Elliot Nicholson
- Birth name: Elliot Tenbosch Nicholson
- Date of birth: 13 December 1871
- Place of birth: Derby, England
- Date of death: 1 December 1953 (aged 81)
- Place of death: Wirral, England

Rugby union career
- Position(s): Wing

Amateur team(s)
- Years: Team / Apps / (Points)
- Birkenhead Park /  / ()

International career
- Years: Team / Apps / (Points)
- 1899: British Isles / 2 / (0)
- 1900: England / 2 / (3)

= Elliot Nicholson =

British Lions & England international rugby union player

Elliot Tenbosch Nicholson (13 December 1871 – 1 December 1953) was an English international rugby union wing who played club rugby for Birkenhead Park. Nicholson played international rugby for England and was selected for the British Isles team on its 1899 tour of Australia.

==Rugby career==
Nicholson came to note as a rugby player while playing for Birkenhead Park, and in 1899 he became the first player form the club to represent the British Isles team; now known as the British Lions. Nicholson was selected for the British Isles tour of Australia, and was described by the team captain, Matthew Mullineux, as 'a very fast wing'. Nicholson was not chosen for either of the first two Tests against Australia, with captain Mullineux choosing Irish wing Gerry Doran; but in the Third Test Nicholson was brought into the squad. The British Isles won the Test by a narrow 11–10 score line, and Nicholson kept his place for the fourth and final test.
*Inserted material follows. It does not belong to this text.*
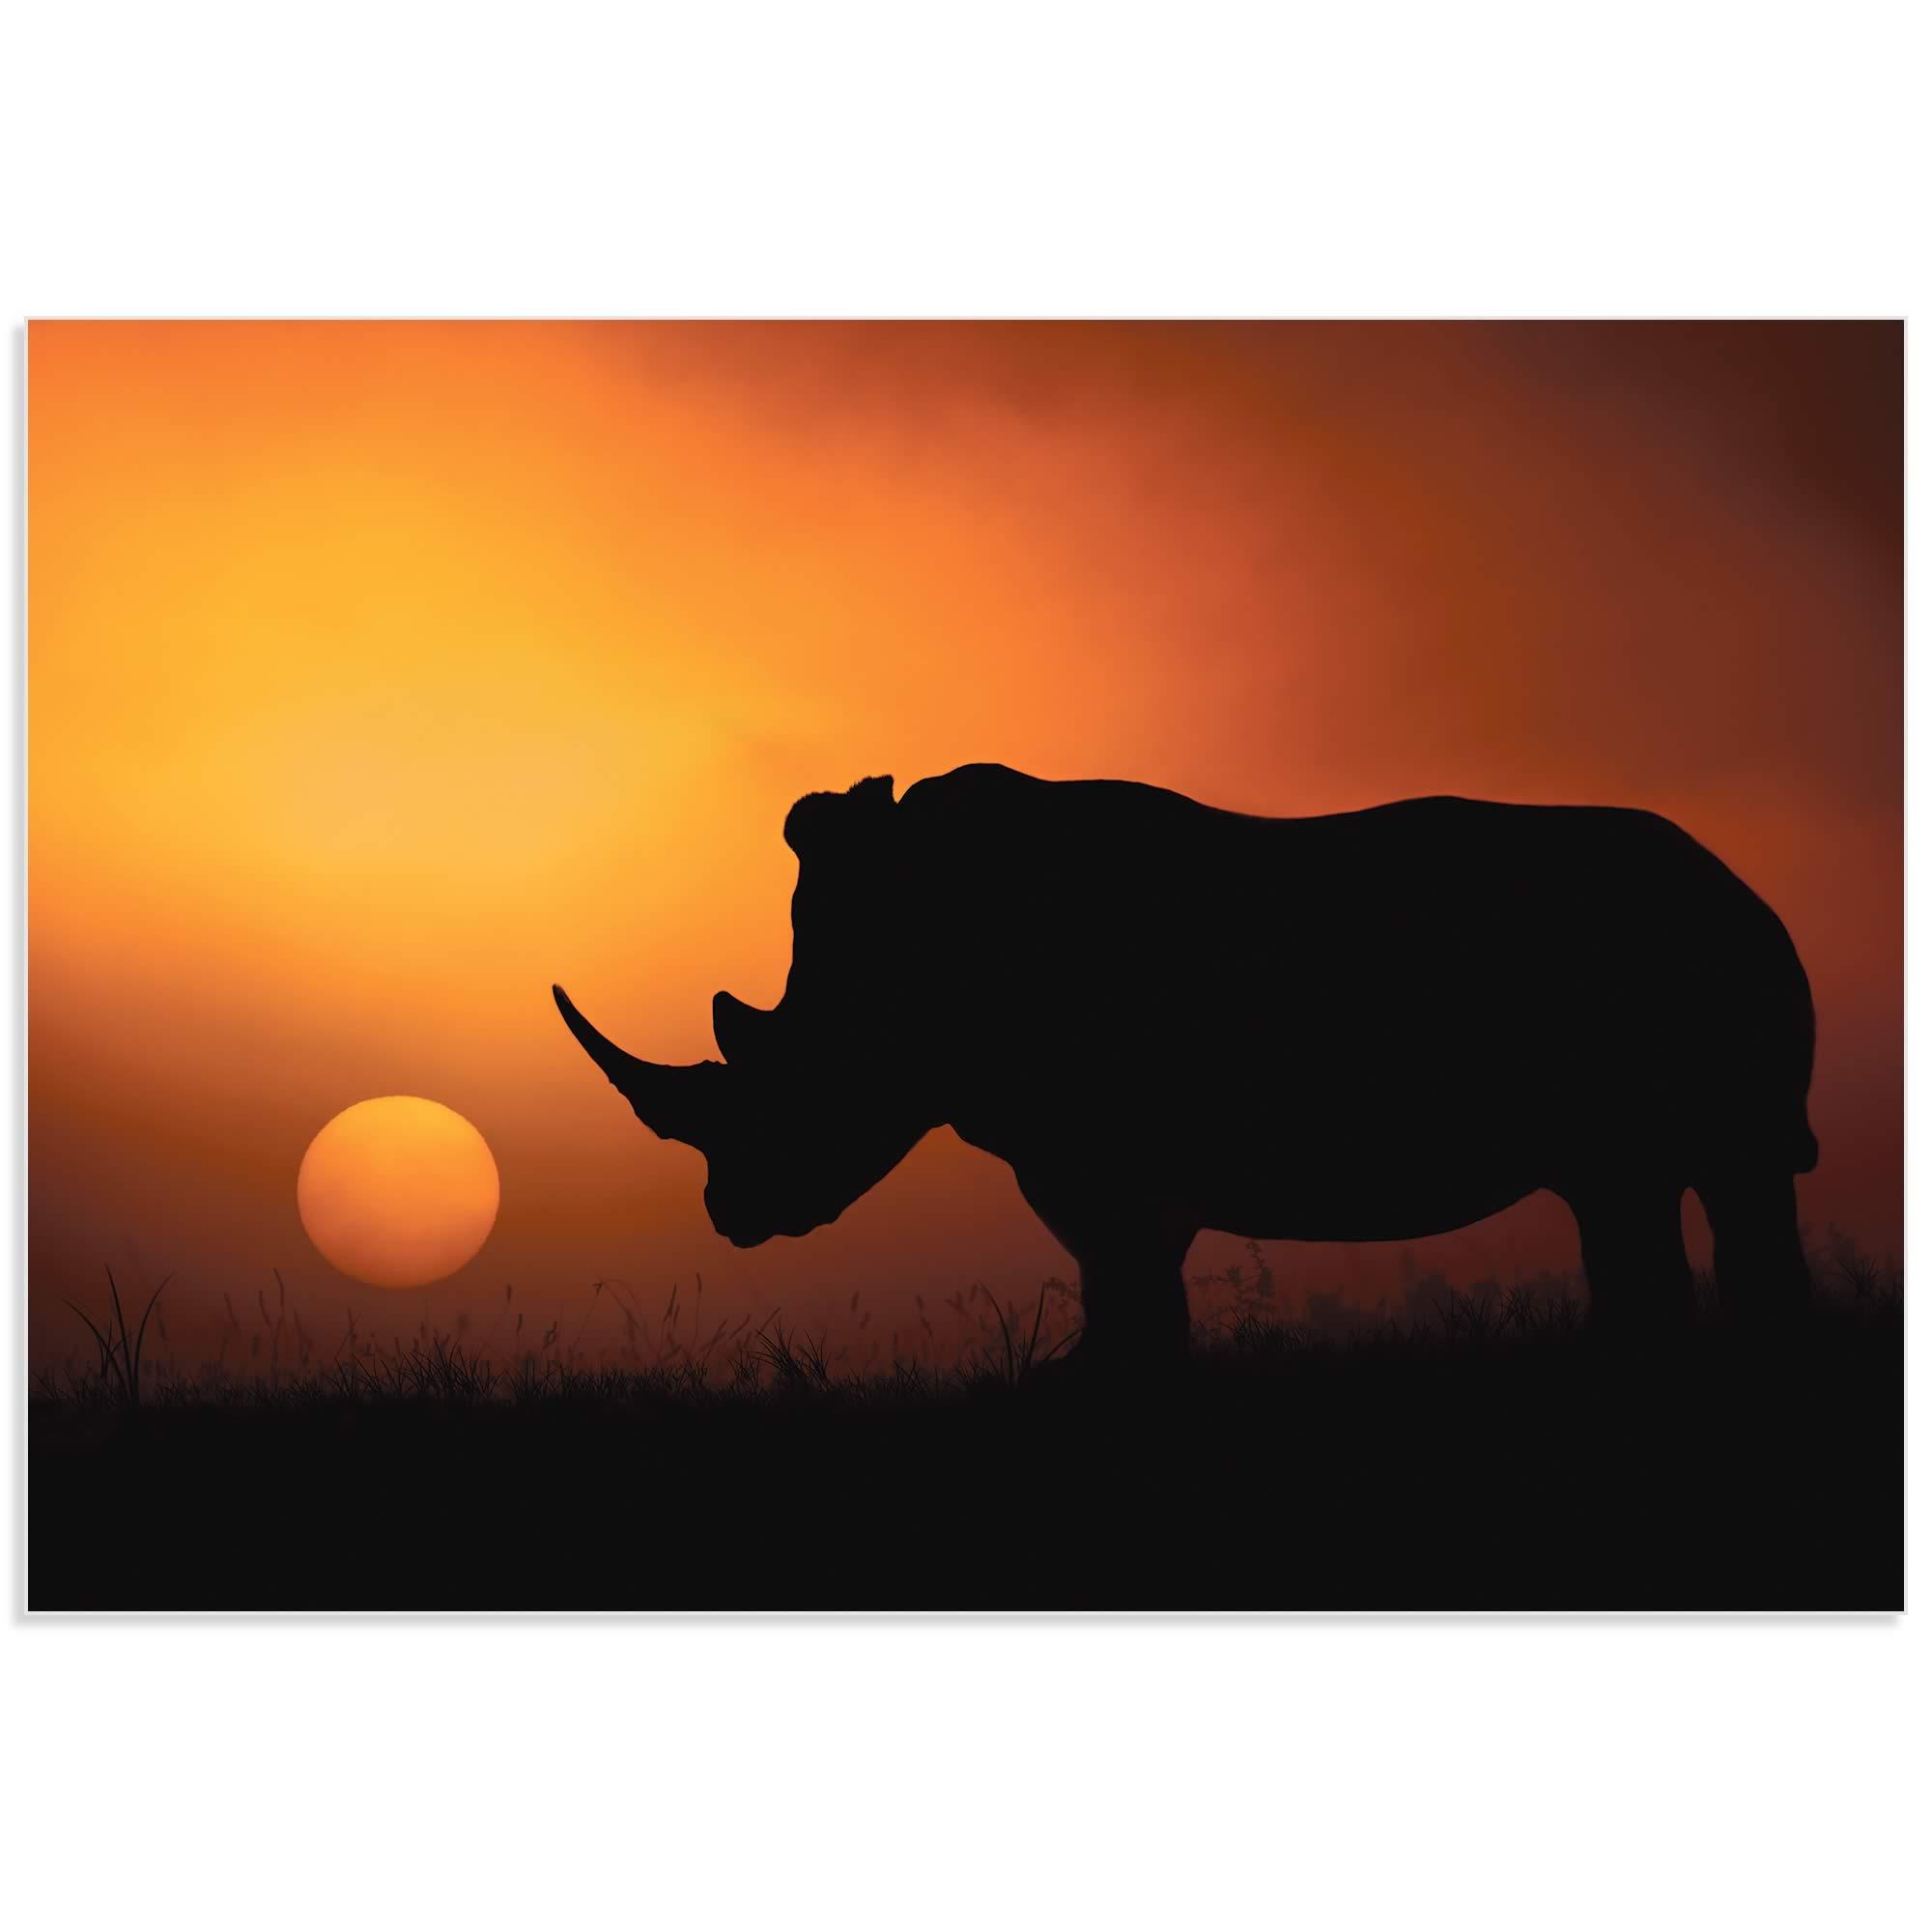 Rhino Sunrise by Mario Moreno - Rhino Silhouette Art on Metal or Acrylic - Alternate View 2

On his return to Britain, Nicholson found himself in favour with the English selectors and was brought into the England team for the 1900 Home Nations Championship. After losing all three games the previous Championship, the selectors brought in 13 new caps for the opening game, against Wales, and Nicholson was the only member of the threequarter line with any international experience. The game ended in a Welsh victory, although Nicholson scored his first and only international points during the match with a try. Despite losing the opening game, Nicholson was retained by the selectors for the second English game of the tournament, which was played at home to Ireland. England won the game 15–4, but Nicholson was dropped from the team for the next game, and never reselected for his country again.